Doctor, Doctor! - Medical TV Dramas

‘You work in a pool of excrement. Your job is to swim to the shallow end’

‘Nurse, the screens!’

‘Yes, doctor, I know. They’re full of hospital dramas.’

Rescued from the mid-afternoon limbo of Young Doctors and A Country Practice, medical programs are now back in prime-time. Casualty has finished another successful season, but now we also have ER, Cardiac Arrest and Chicago Hope.

One of the most notable features of all these shows is their convincingly incomprehensible technical vocabulary. The instructions barked over the speeding trolleys make very few allowances for a non-medical audience.

Pursuing realism is fine, but what do we get out of this emphasis on obfuscation? We get security. It is comforting to place yourself so completely in the care of a doctor who speaks an obscure, almost sacred, language.  You don’t want to know what it all means, so long as these magically cryptic words (such as ‘intubate’ and ‘O neg’) somehow make you better.

The hospital dramas might use the same language on both sides of the Atlantic, but they’re saying different things with it. The American shows (Chicago Hope and ER) are much less bleak than their British cousins, which often concern themselves with the way political and medical issues interact.

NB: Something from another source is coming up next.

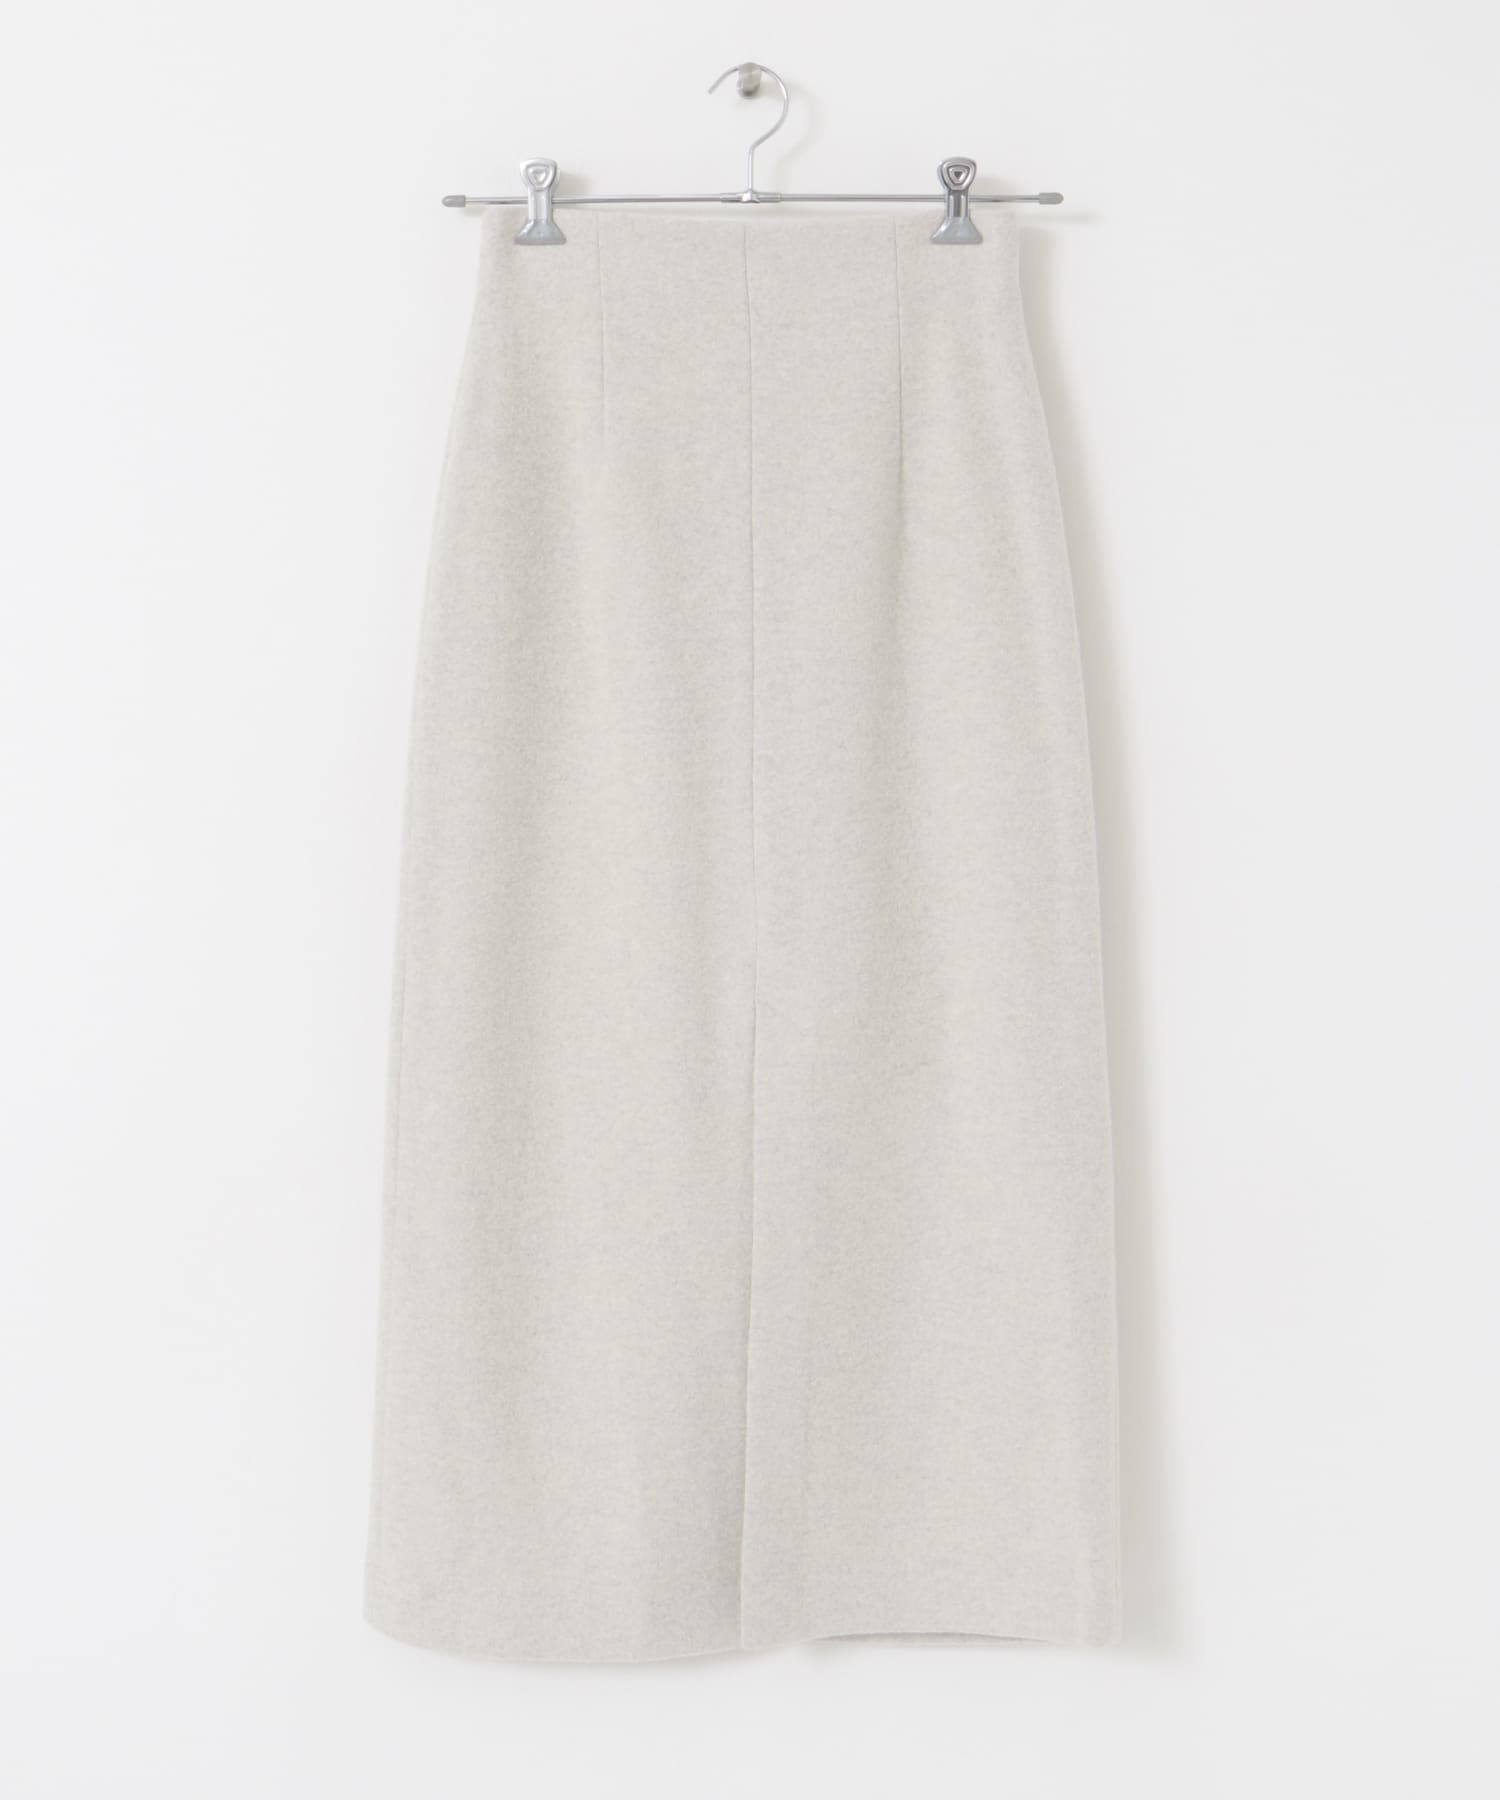 日本製羊毛開衩窄裙(米色-38-OFF WHITE)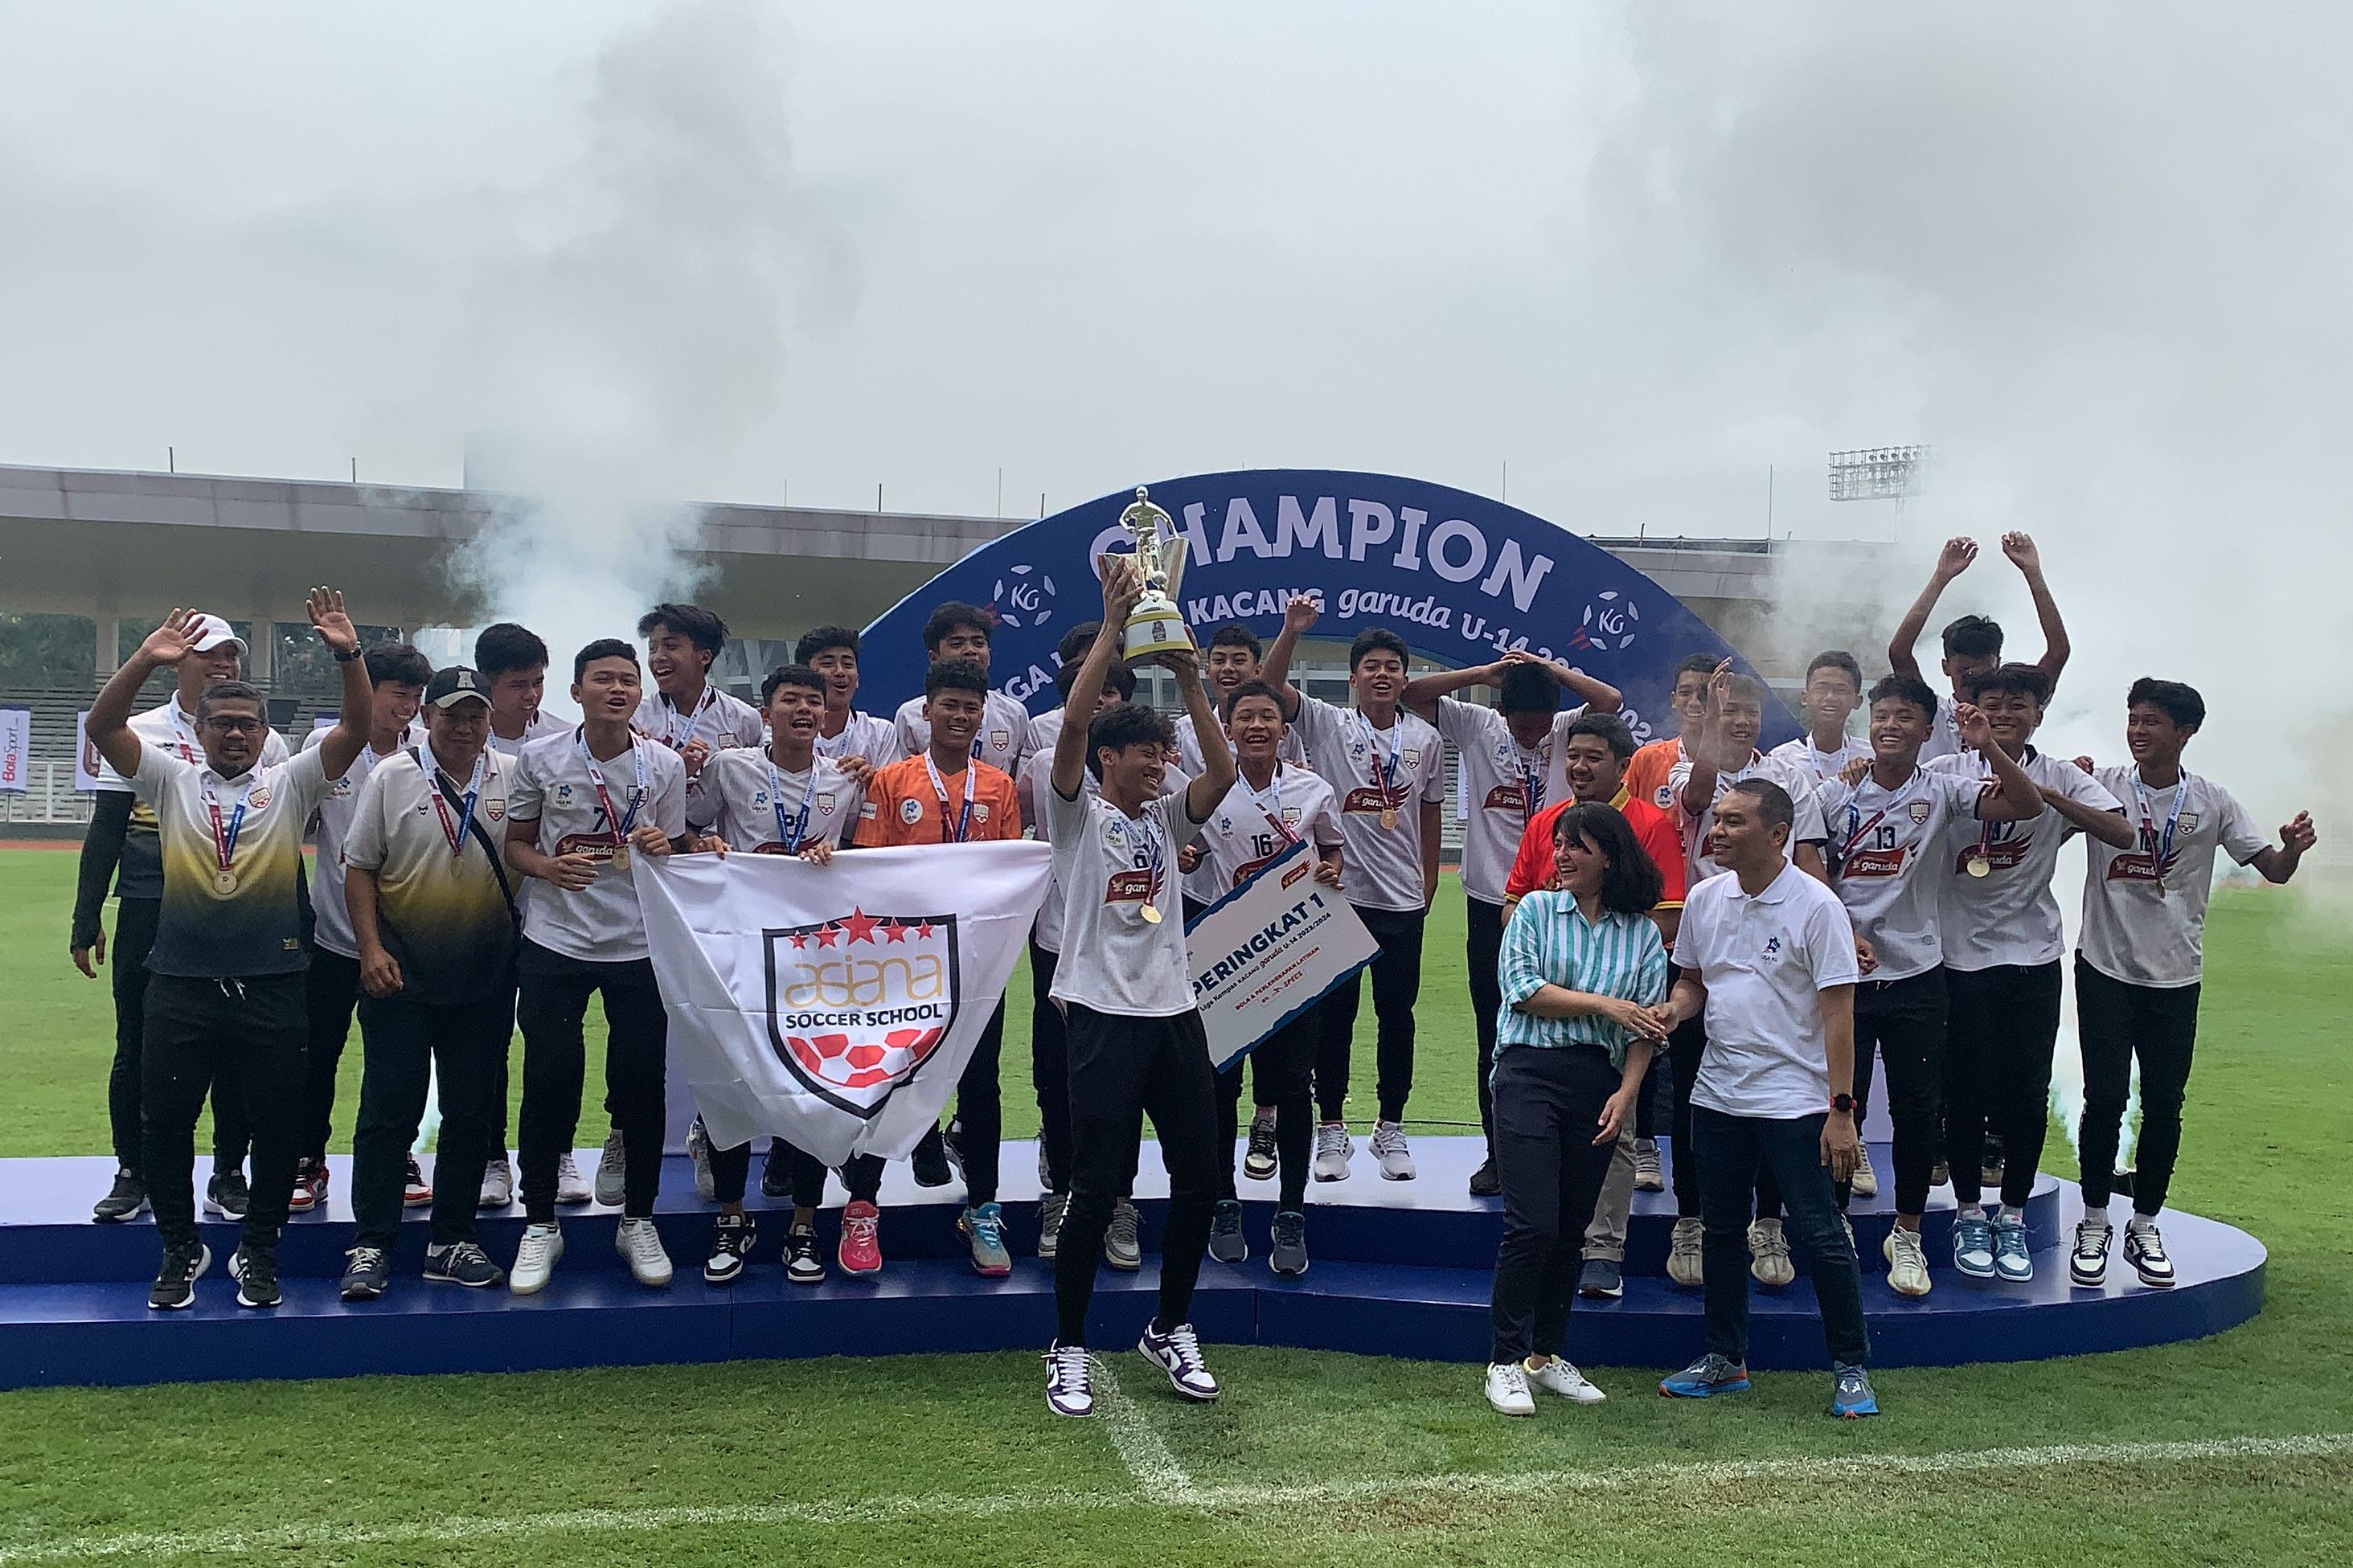 Liga Kompas Kacang Garuda U14 Usai: 24 Pemain Dikirim ke Swedia, Peran Kompas untuk Sepak Bola Indonesia

Chicago Hope is named after the hospital in which it is set, but the abstract noun in the title is telling. In each episode we only see a handful of patients, and there seems to be the time (and the elaborate offices) in which to discuss abstract issues such as hope, morality and religion.  Where we do see medical procedures being carried out, however, they are detailed in the extreme, placing the discussion over issues into context, and showing us that the safe technical terms describe startlingly physical actions.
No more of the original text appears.